### [AIM OF THE TASK]
The lines from the one containing "Fall Wedding Shower" through the last line below, both ends included, must be reproduced exactly, with no pictures.

### [GIVEN INFORMATION]
-*-*-

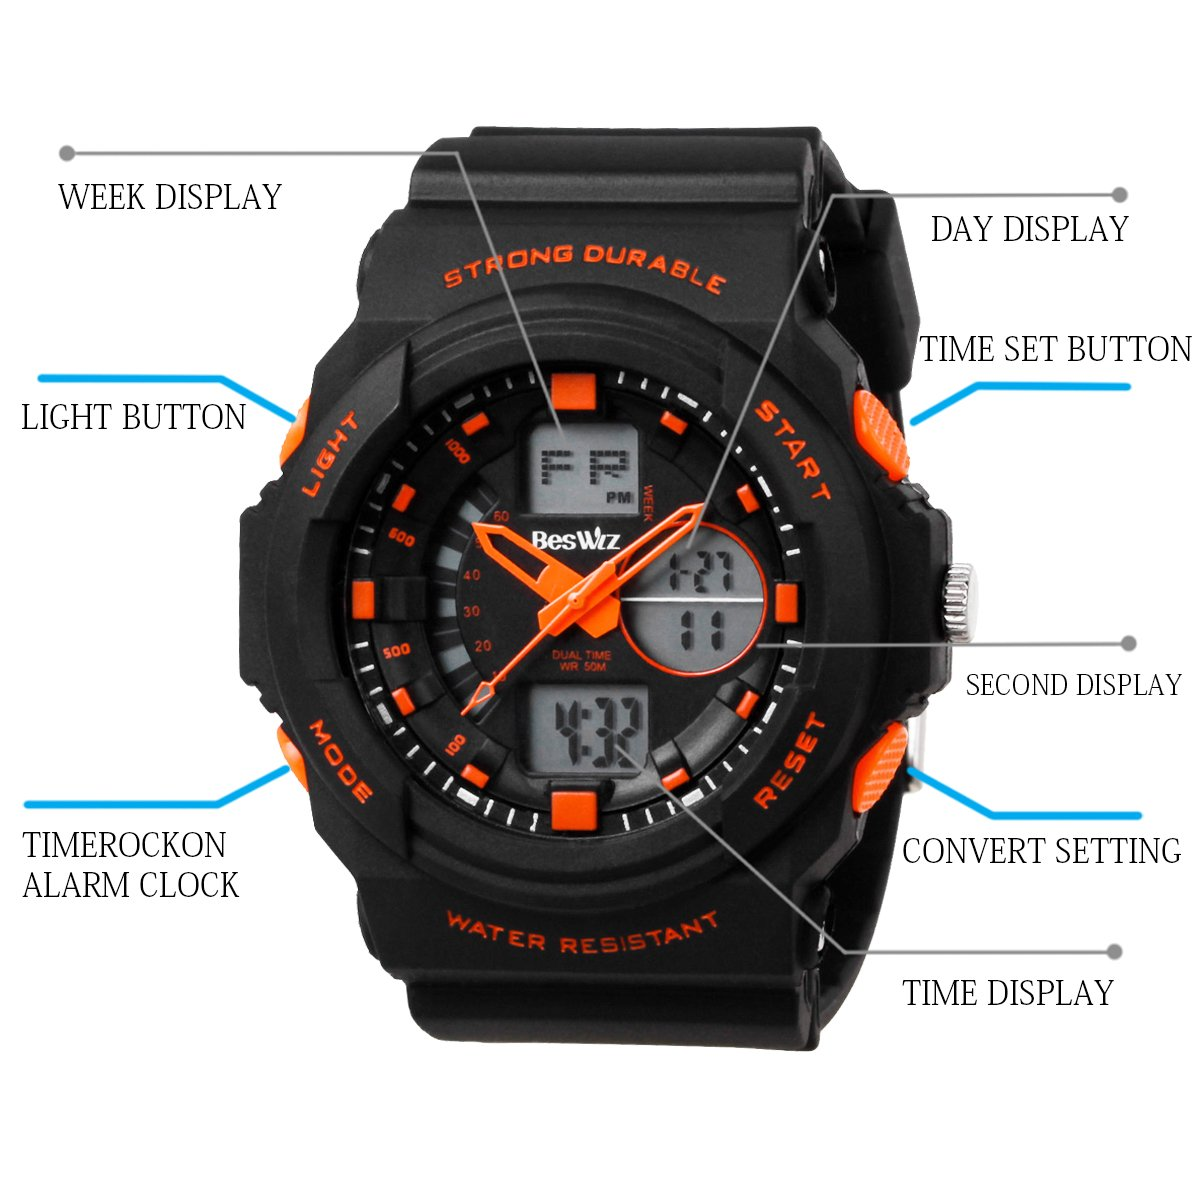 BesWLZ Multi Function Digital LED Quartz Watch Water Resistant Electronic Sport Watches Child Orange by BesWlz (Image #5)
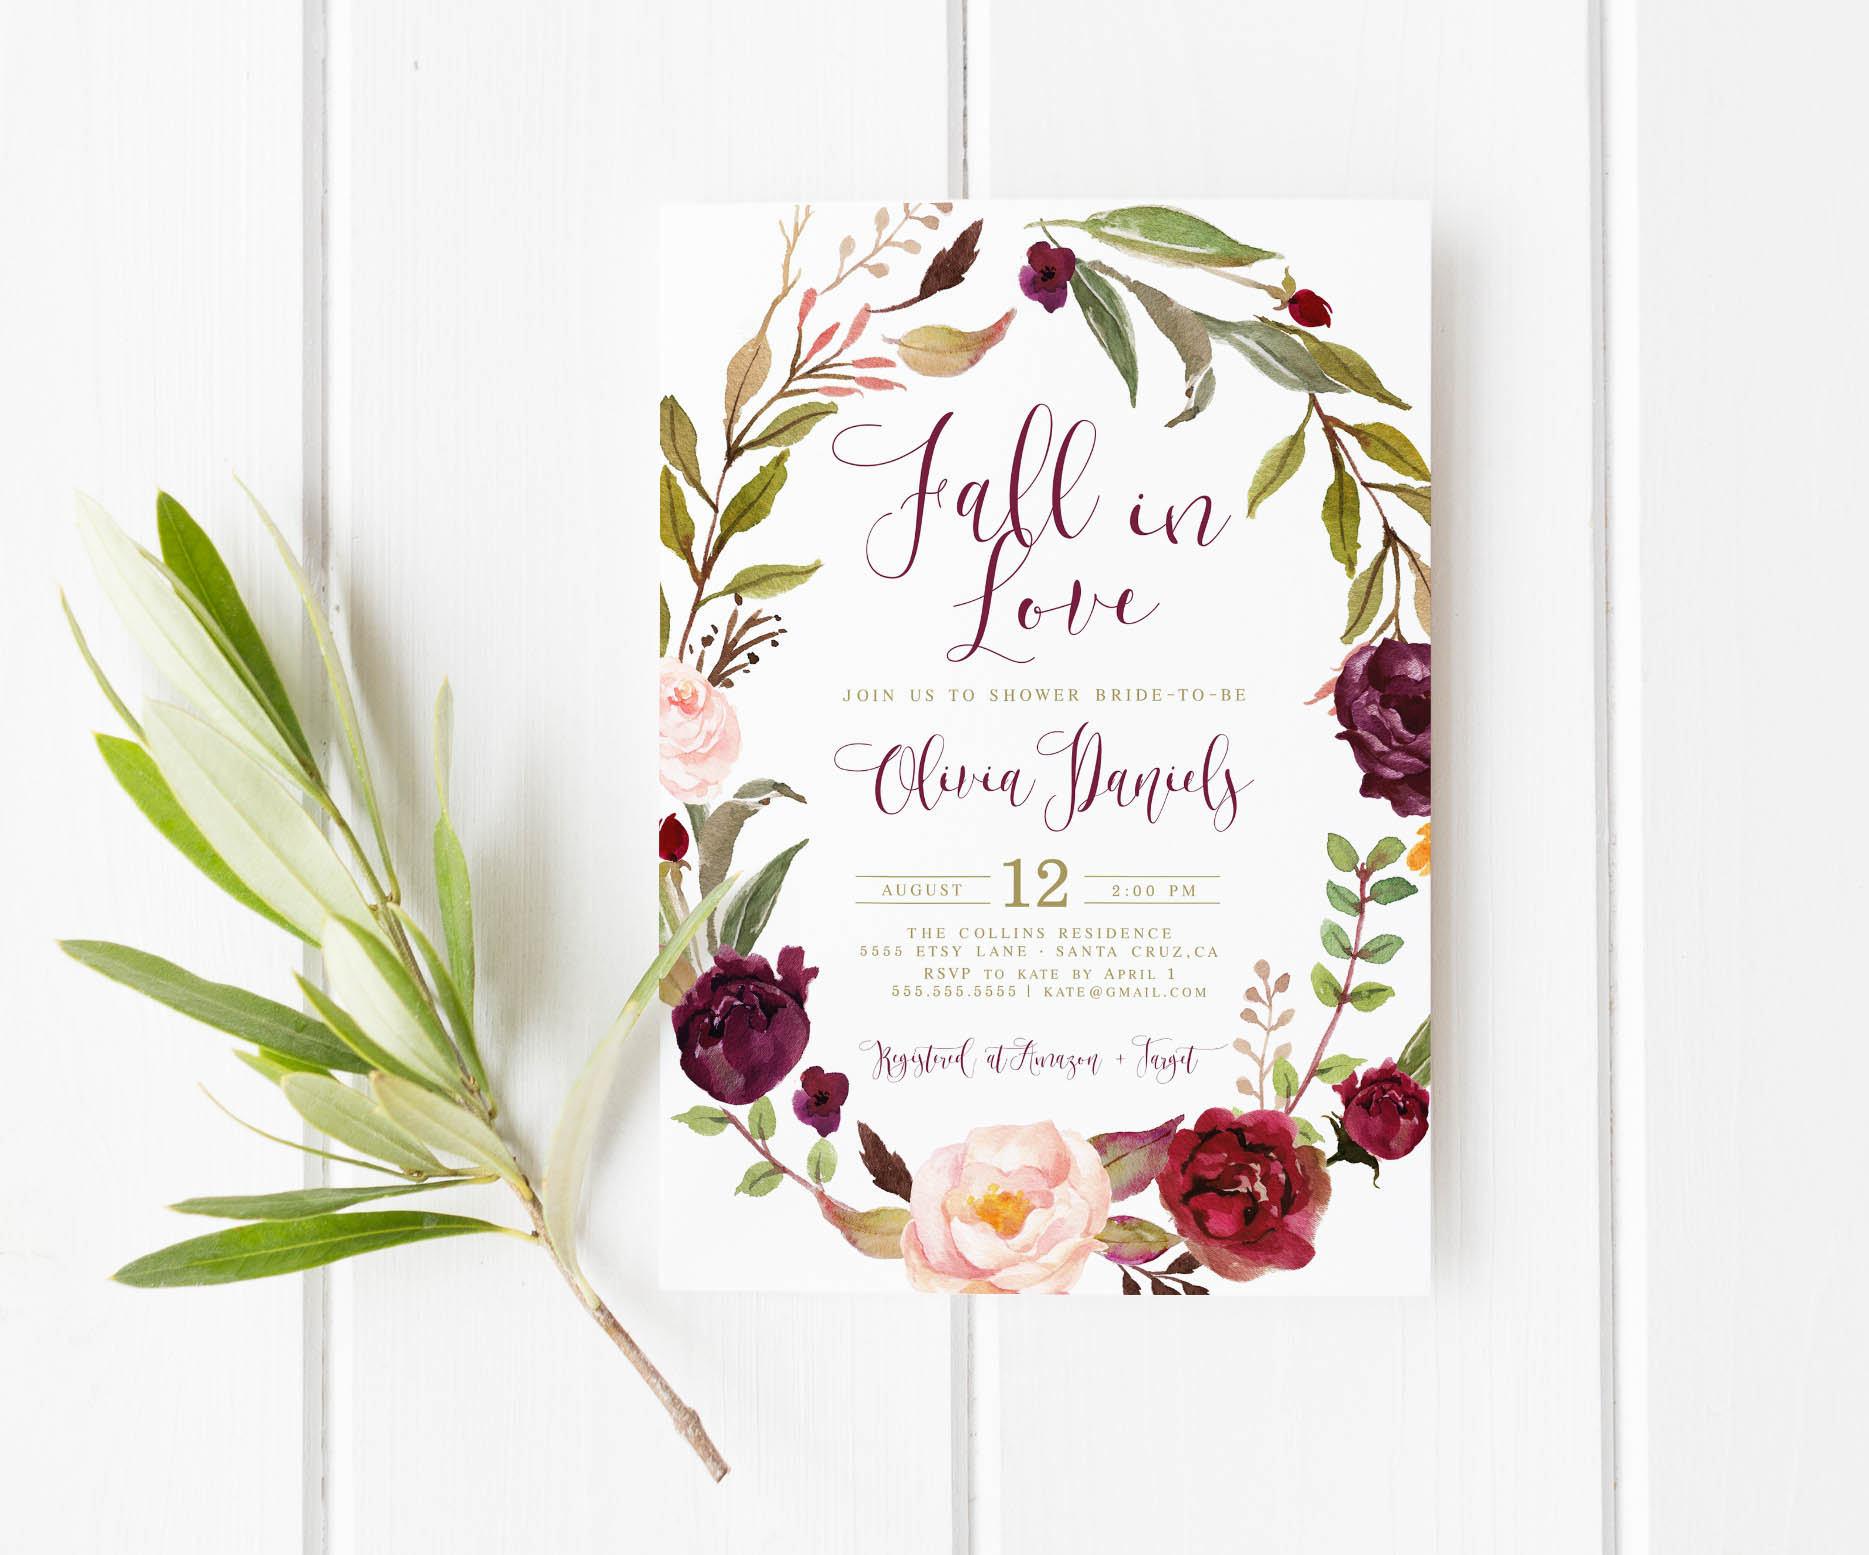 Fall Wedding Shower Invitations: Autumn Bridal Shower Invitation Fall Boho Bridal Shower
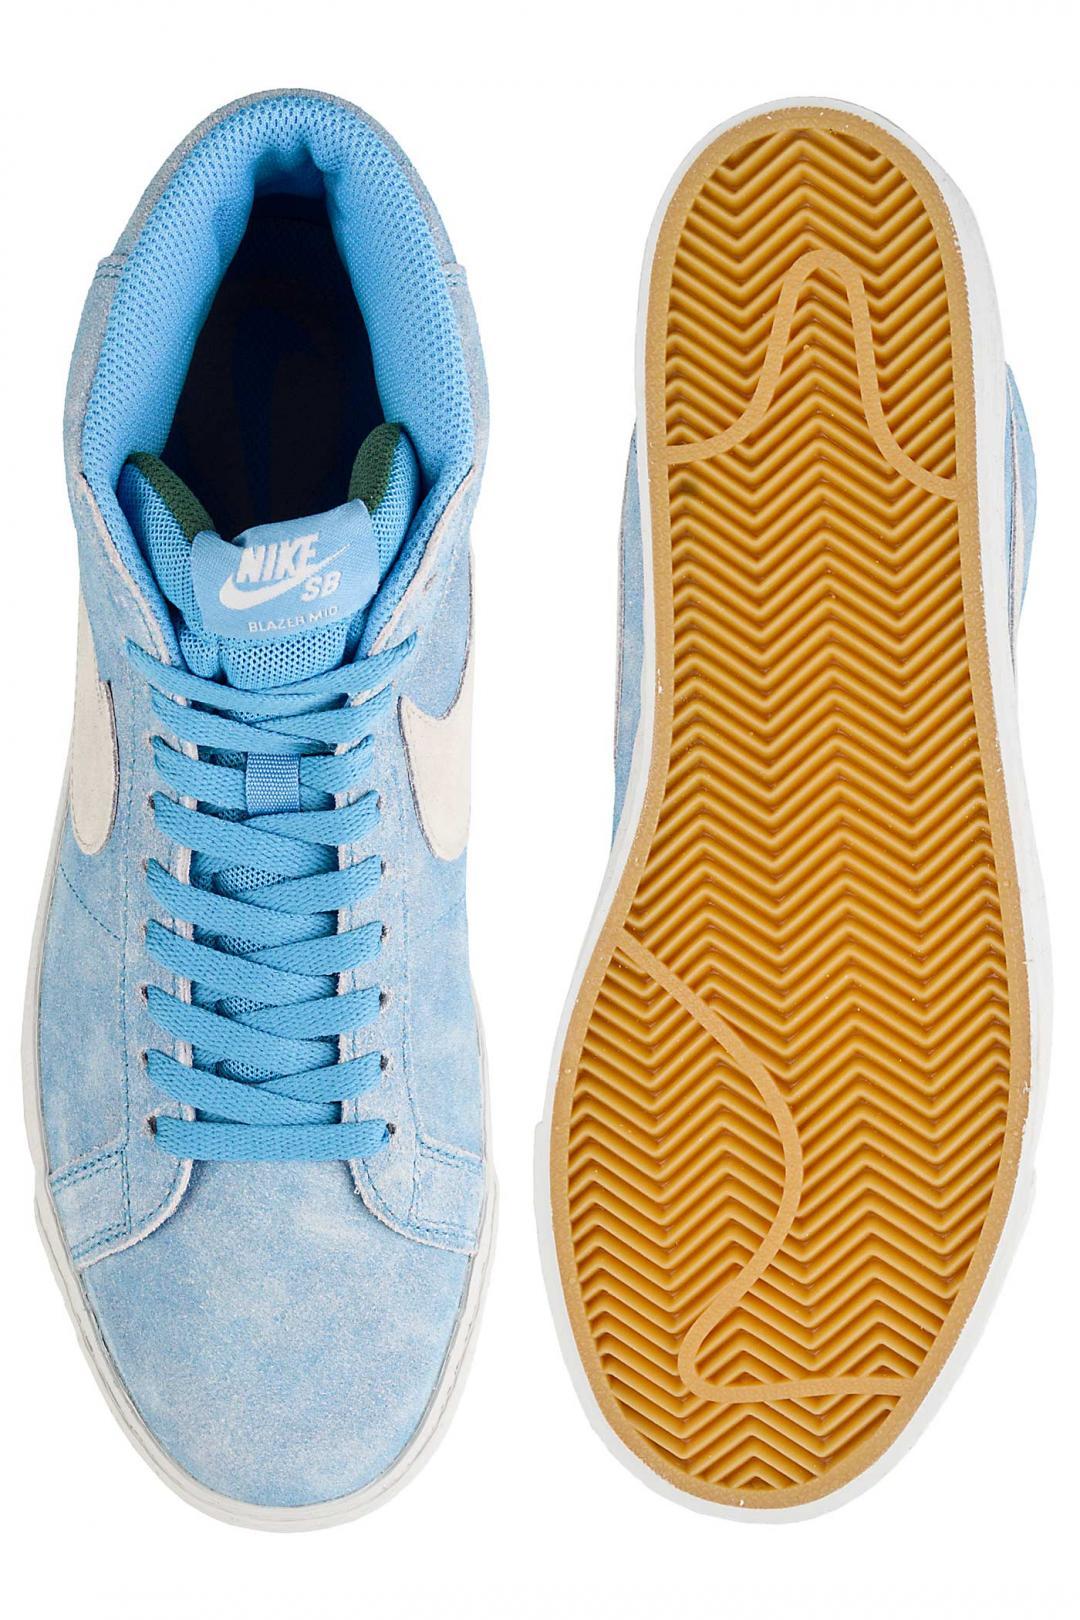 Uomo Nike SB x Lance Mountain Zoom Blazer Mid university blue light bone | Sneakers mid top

-*-*-

### [WRITTEN SOLUTION]
 Fall Wedding Shower Invitations: Autumn Bridal Shower Invitation Fall Boho Bridal Shower
 Uomo Nike SB x Lance Mountain Zoom Blazer Mid university blue light bone | Sneakers mid top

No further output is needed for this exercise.